US solar manufacturing benefits from IRA production credits that transform the economics of domestic production, and subsidy value can exceed manufacturing cost advantages of offshore producers. Battery production in both the US and EU enjoys local content requirements that mandate domestic sourcing, creating protected demand. Grid-scale storage now qualifies for Investment Tax Credit eligibility, reshaping project returns. Green hydrogen represents perhaps the most transformative policy intervention: the $3/kg production tax credit essentially creates a new industry from scratch. Nuclear benefits globally from energy security reassessment, and nations that dismissed nuclear now reconsider given reliability concerns.

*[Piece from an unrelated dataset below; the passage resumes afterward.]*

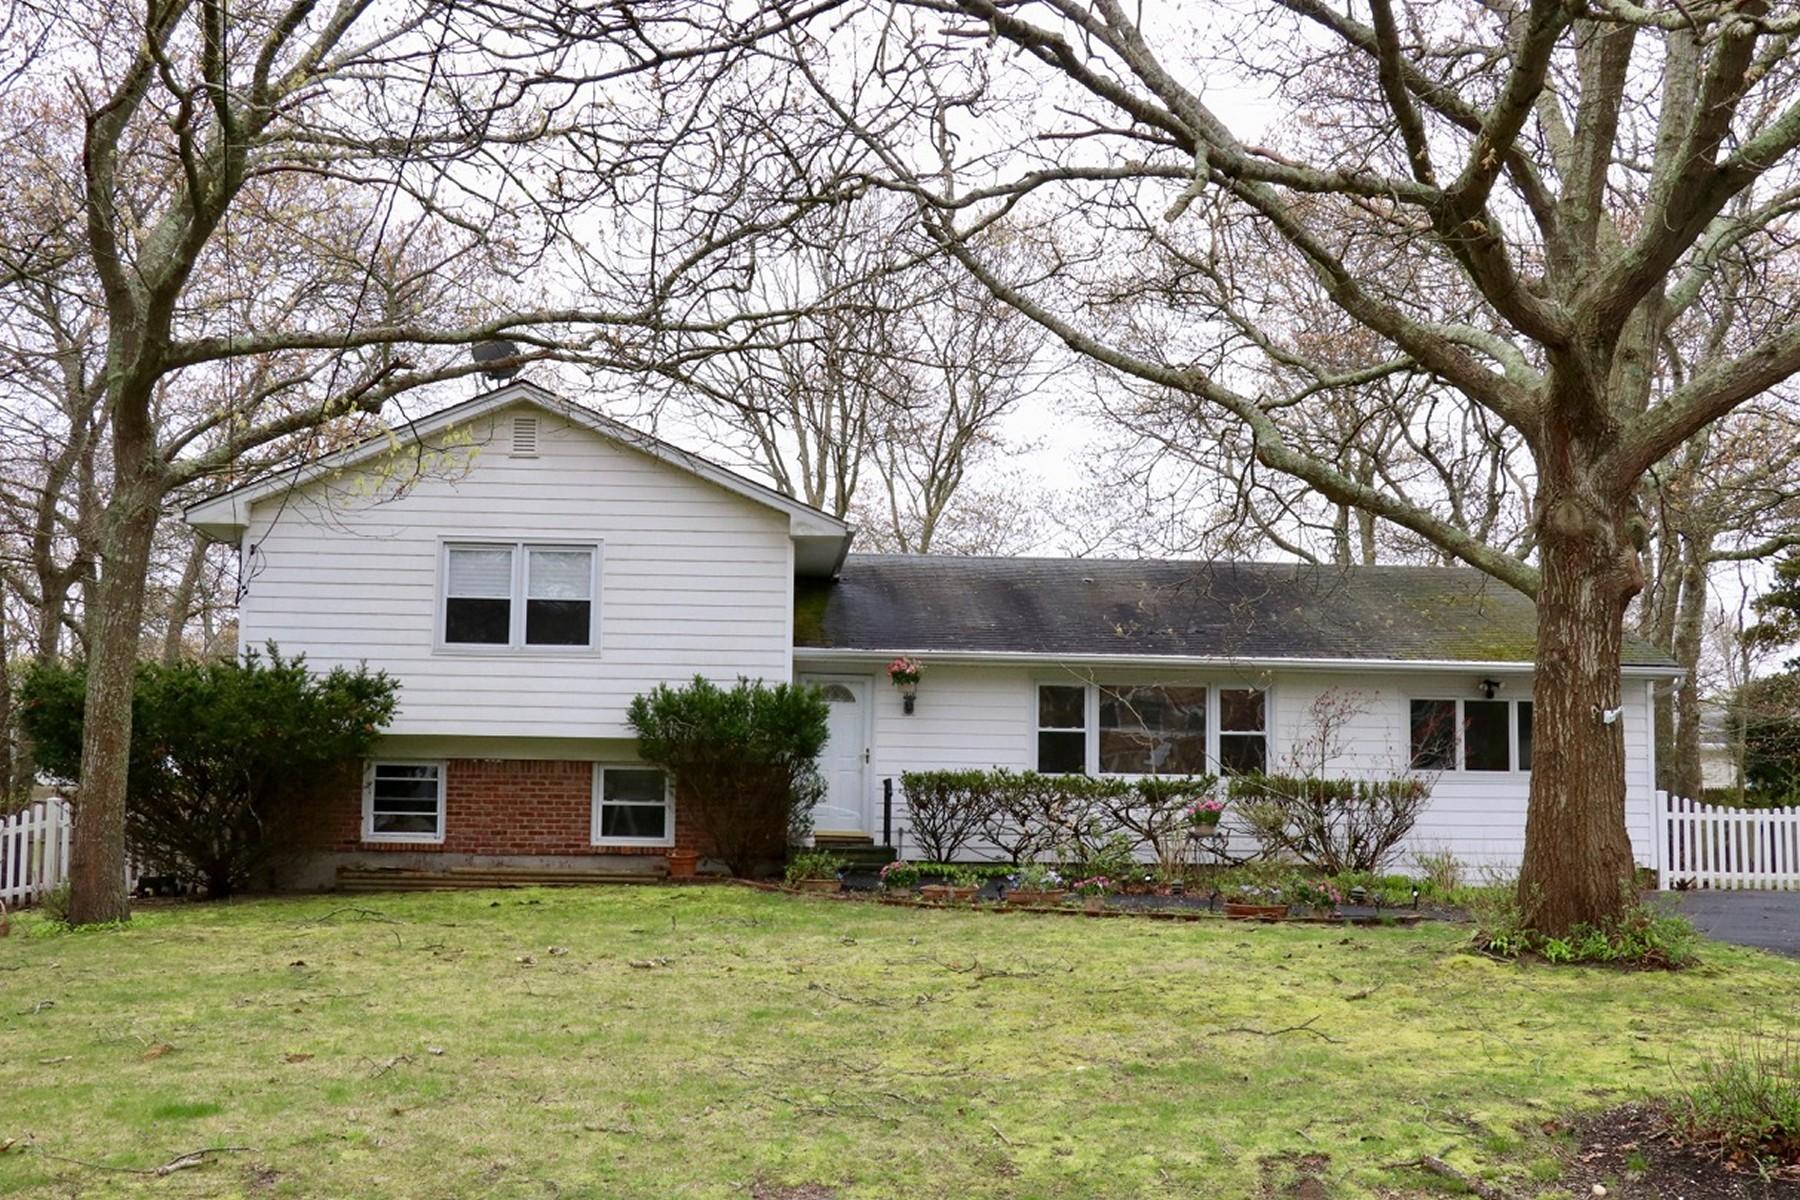 Single Family Home for Active at Hampton Bays 32 Lovell Rd Hampton Bays, New York 11946 United States

Underweight: Unsubsidized/Overcapacity

Chinese solar exports face the dual challenge of escalating tariff risk and margin compression from domestic overcapacity. Generic battery cells compete against massive Chinese production expansion that creates persistent oversupply. Offshore wind struggles with cost inflation from supply chain constraints and permitting delays that push economics beyond viability in many markets.

Defense and Aerospace: The Rearmament Cycle

Global defense spending is entering a structural upcycle driven by multiple converging factors. NATO members are finally increasing budgets toward the long-ignored 2% of GDP target, with several nations now exceeding that threshold. Indo-Pacific rearmament accelerates as China's military buildup triggers responses from Japan, South Korea, Australia, and Taiwan. Ukraine-driven inventory replacement has revealed dangerously depleted stockpiles that must be rebuilt across Western arsenals. Technology modernization requirements, from hypersonic missiles to drone warfare to cyber capabilities, demand investment beyond mere replenishment.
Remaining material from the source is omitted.